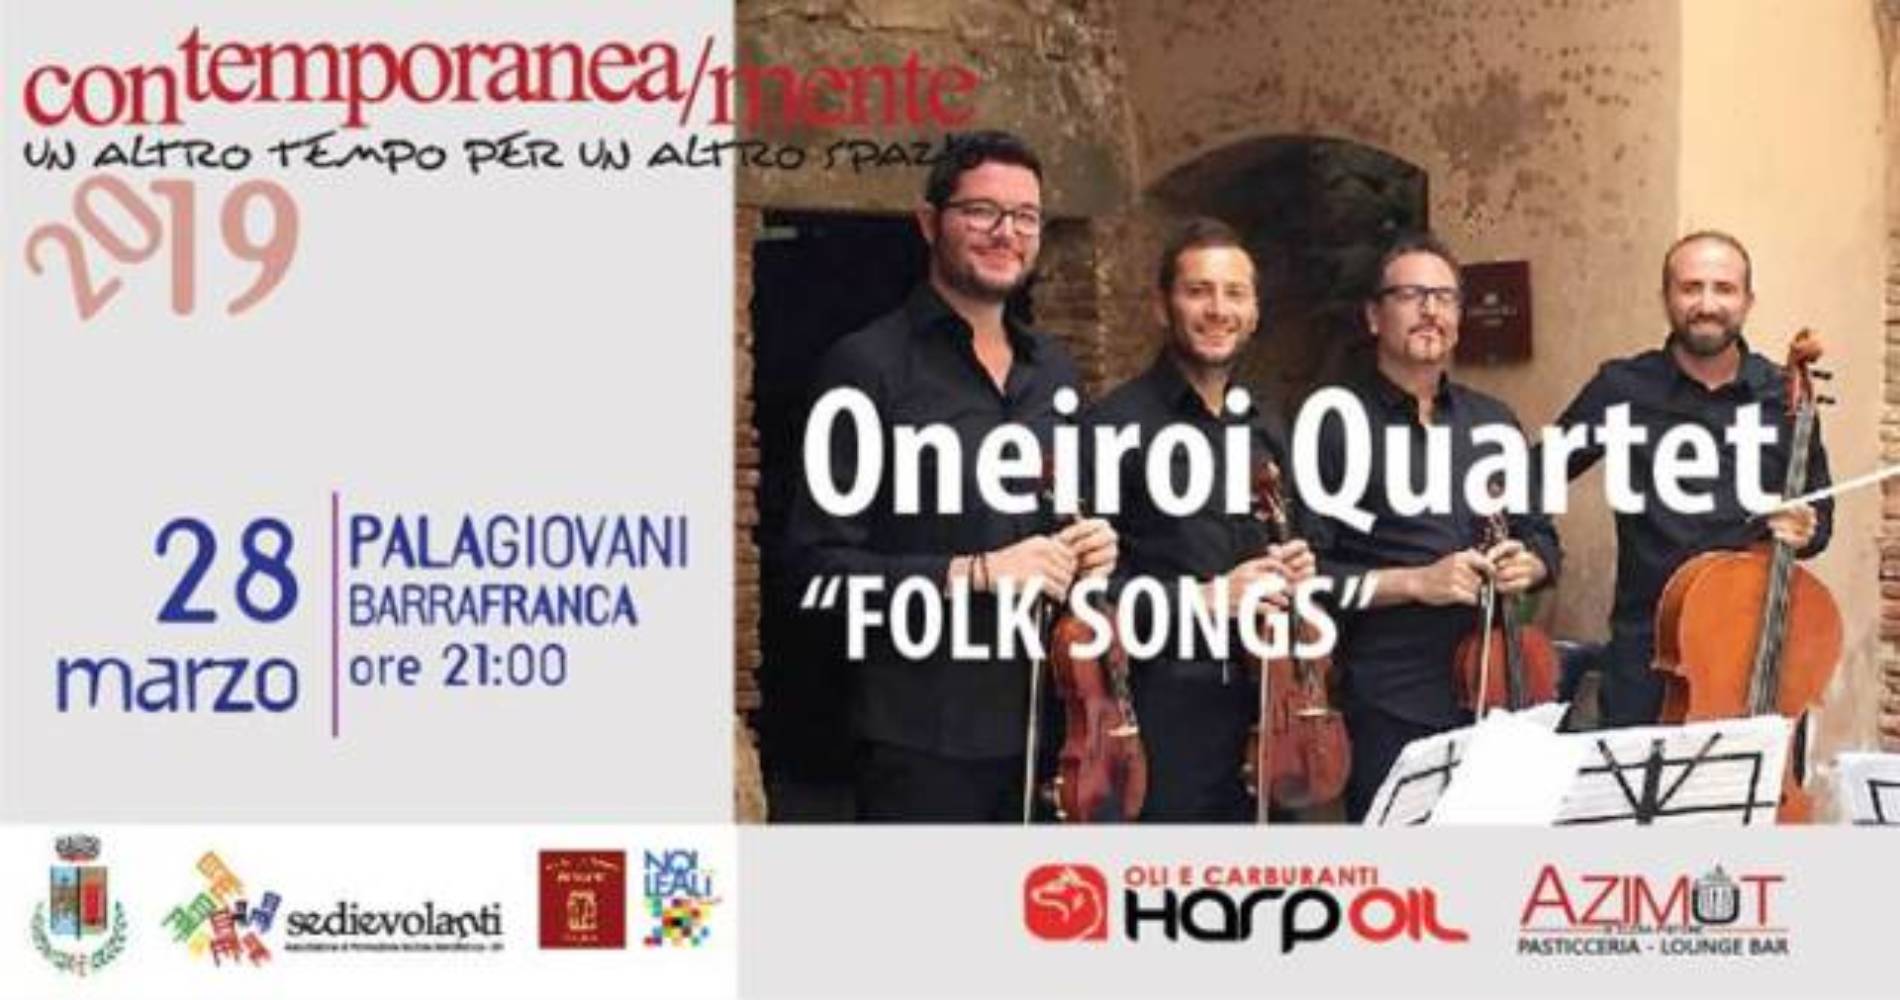 Giovedì 28 marzo, al Palagiovani di Barrafranca, gli Oneiroi Quartet in concerto
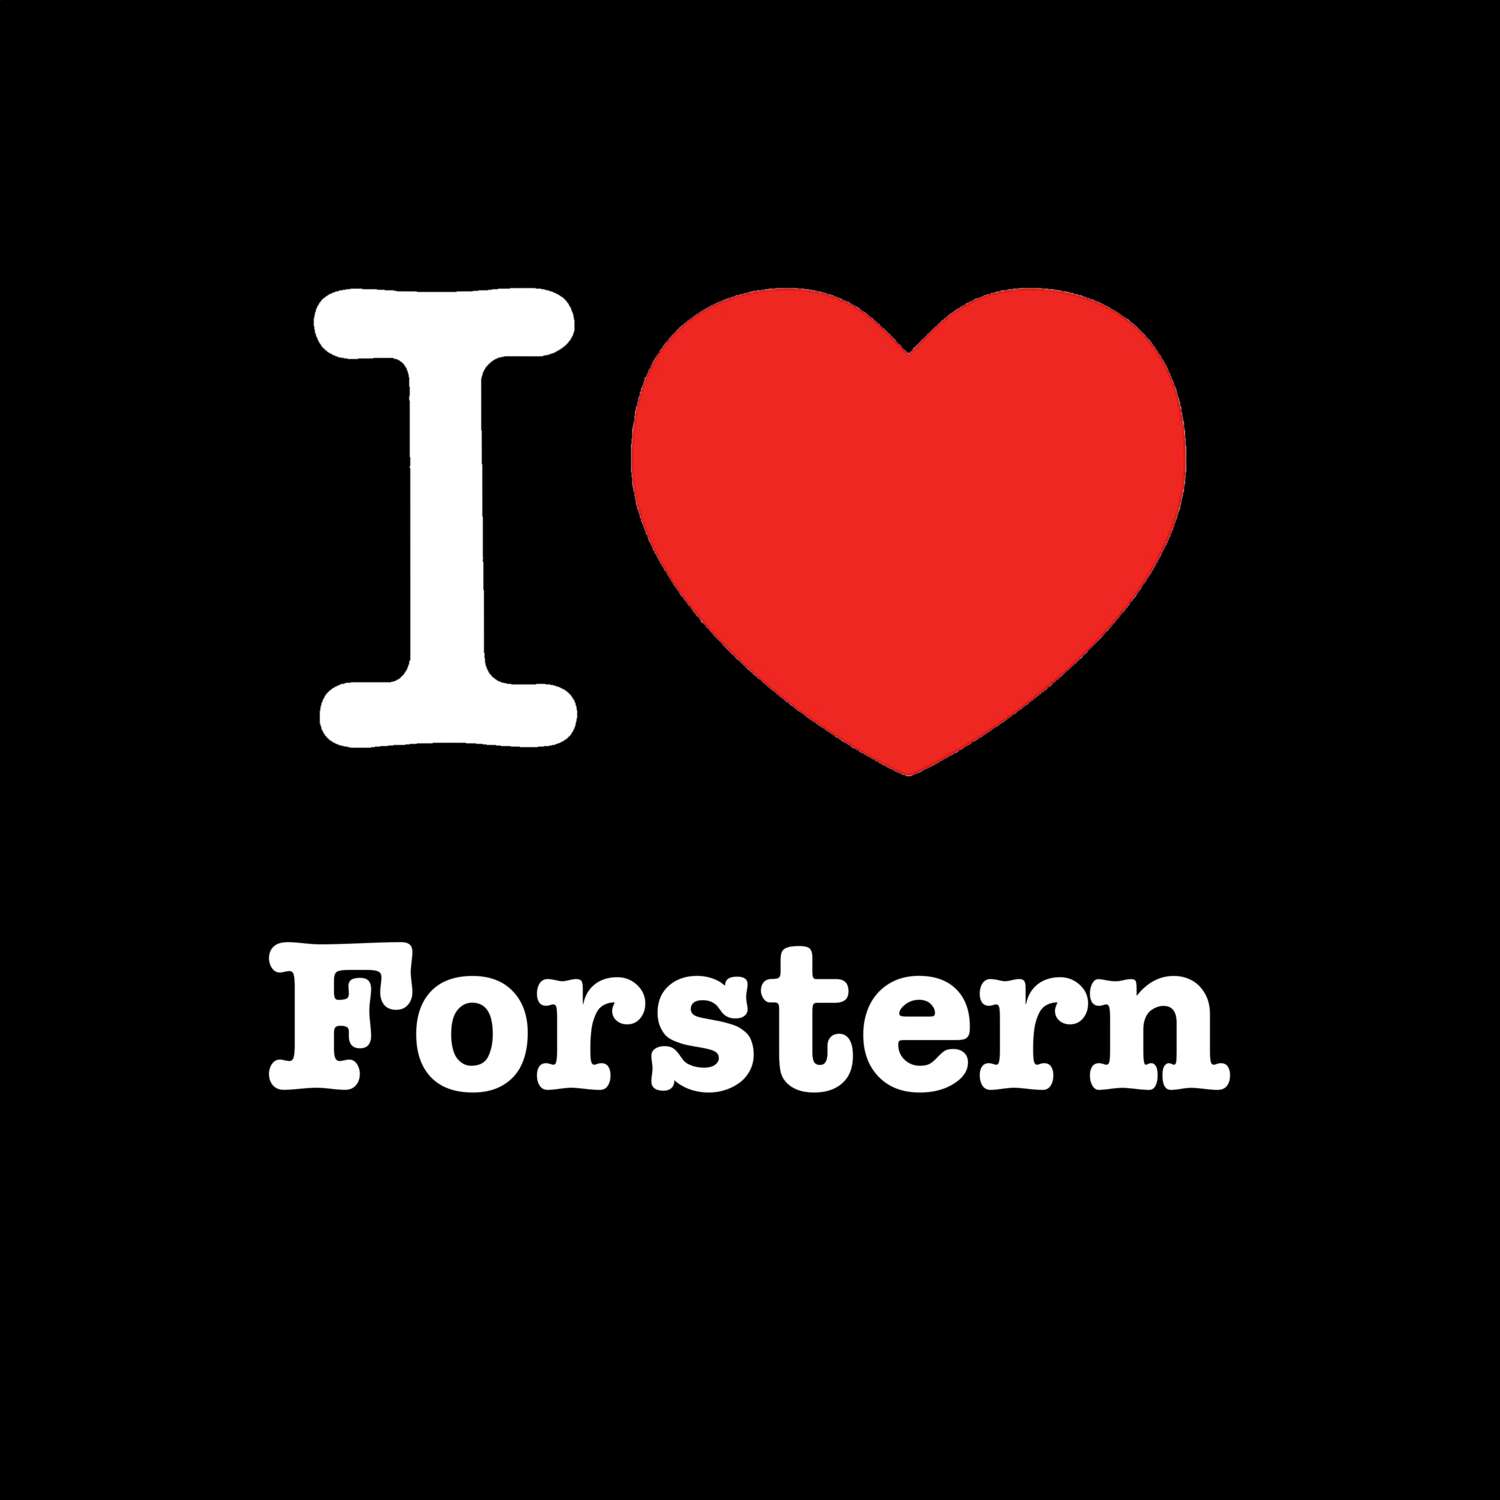 Forstern T-Shirt »I love«
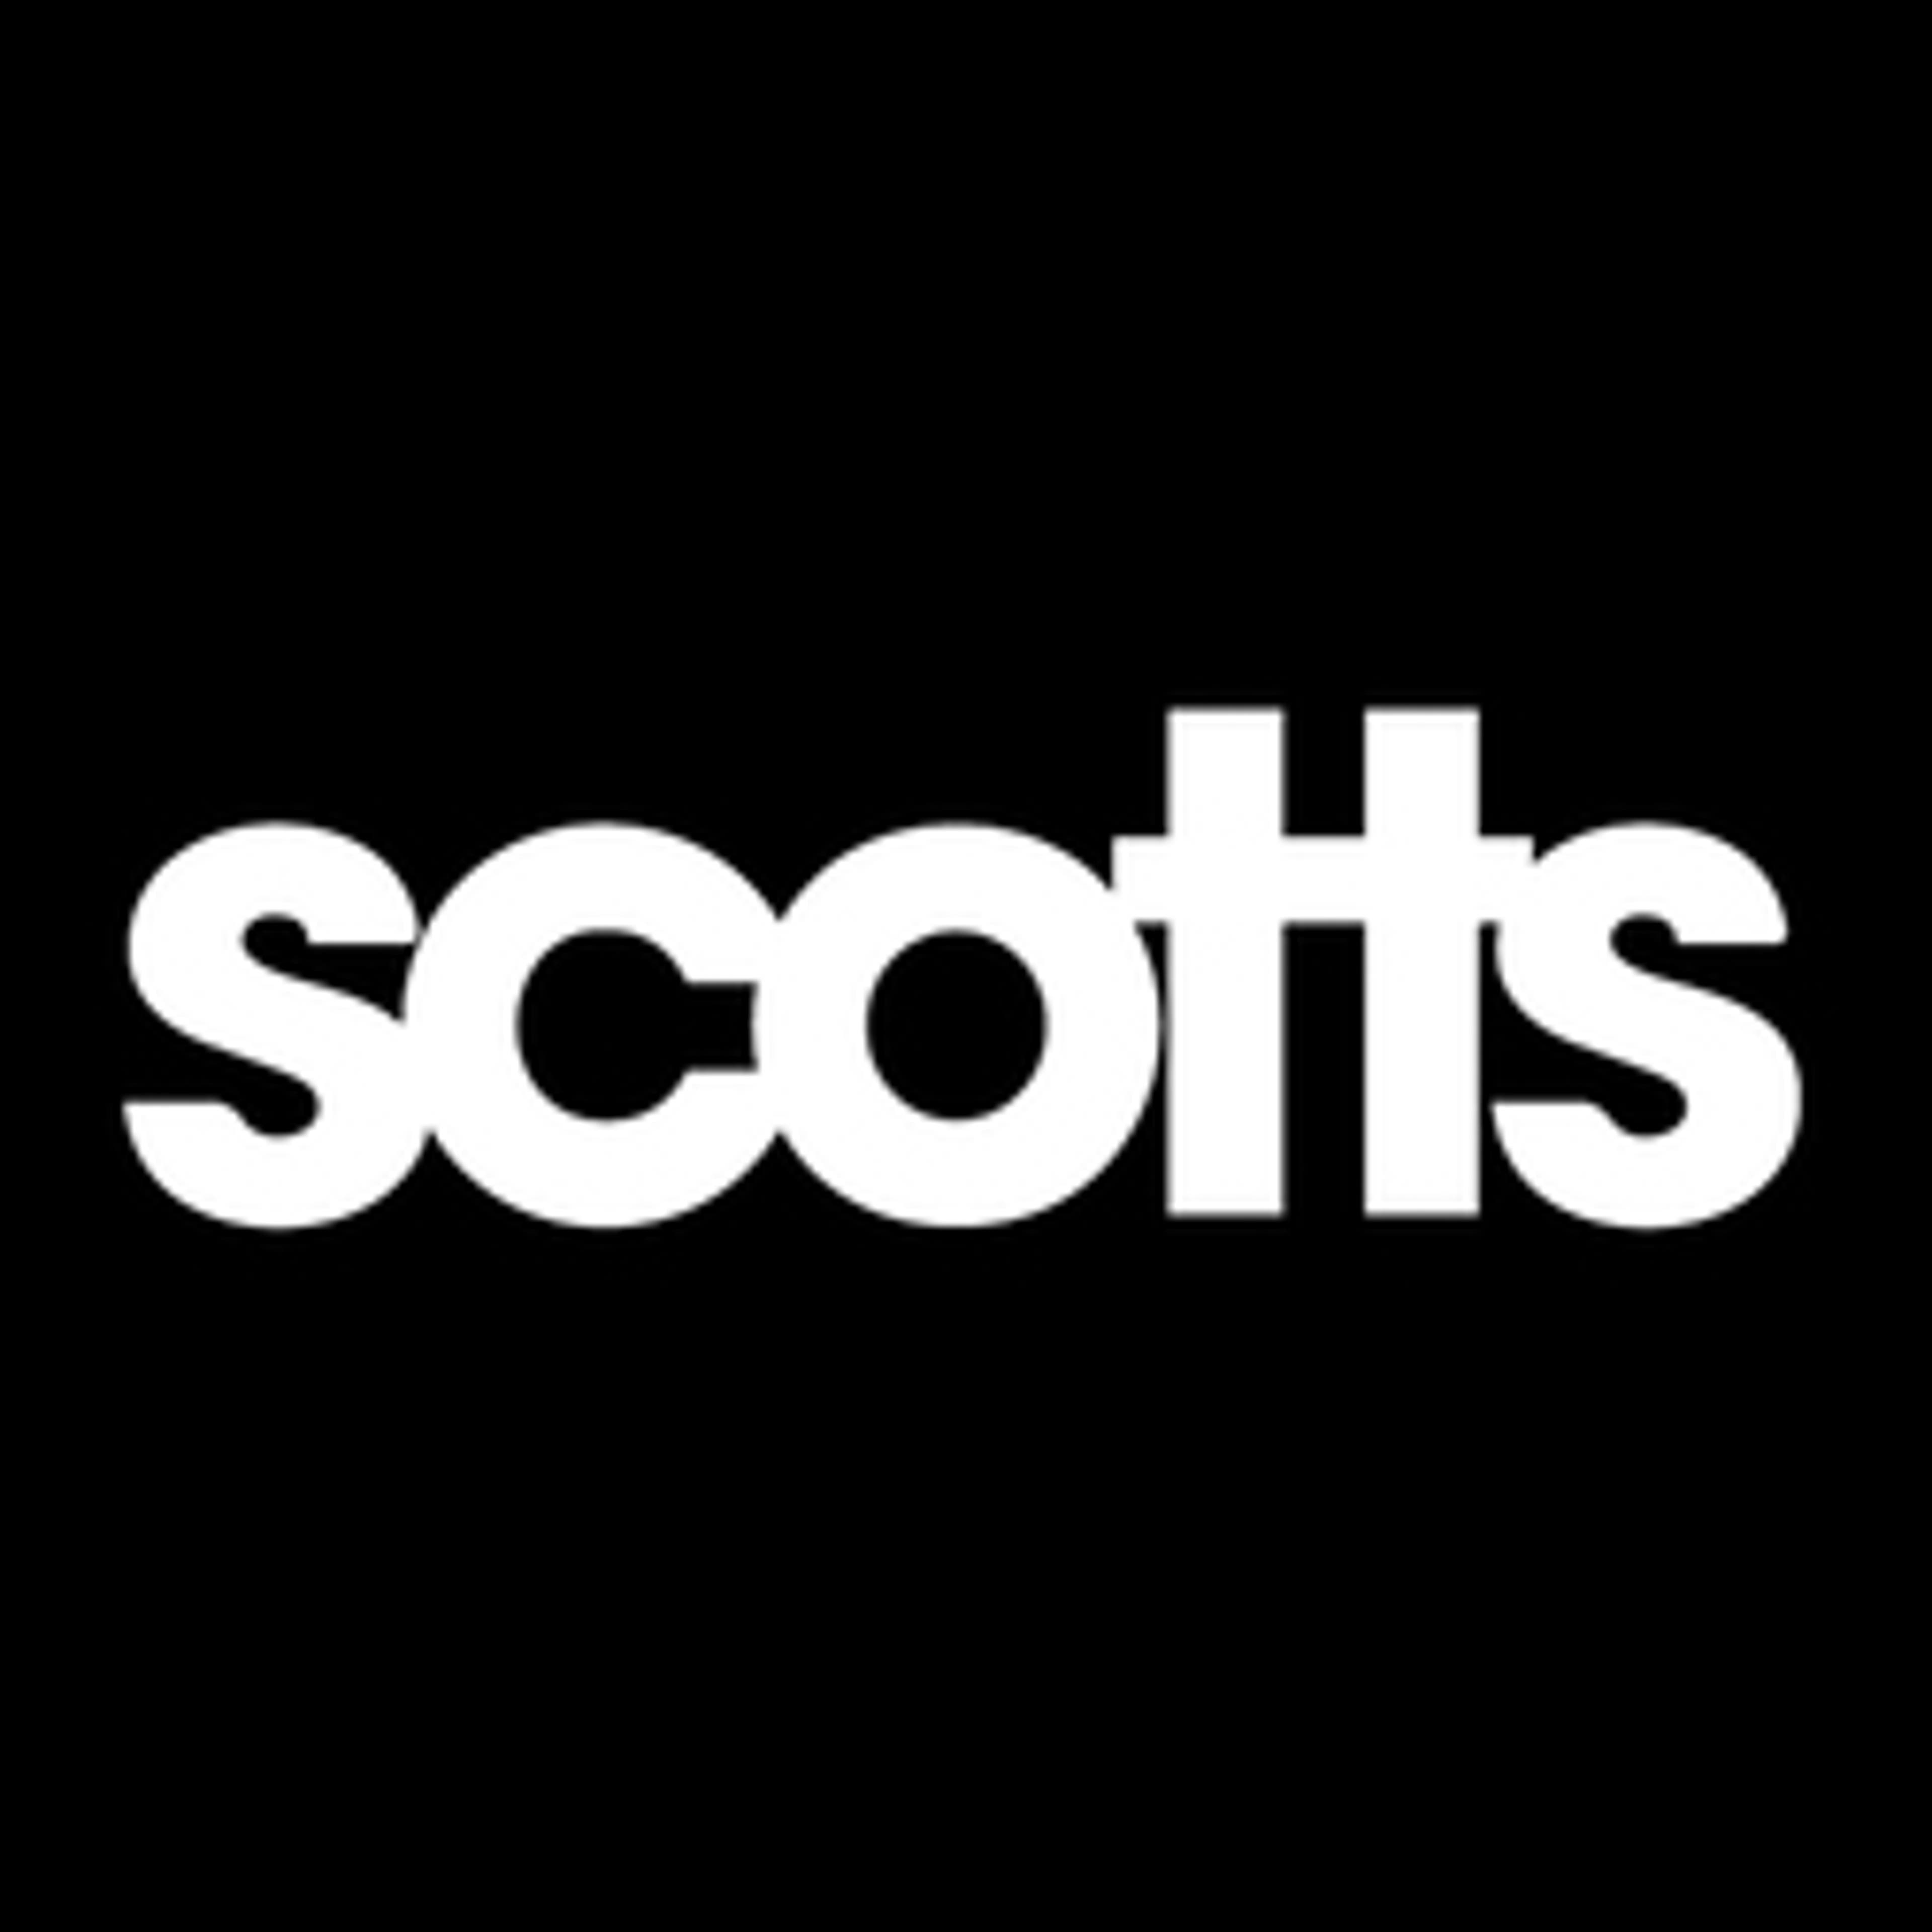  Scotts

## [The task]
Restate the data word for word while omitting each picture.

## [Solution to this problem]
 Giovedì 28 marzo, al Palagiovani di Barrafranca, gli Oneiroi Quartet in concerto
 Forstern T-Shirt »I love«
  Scotts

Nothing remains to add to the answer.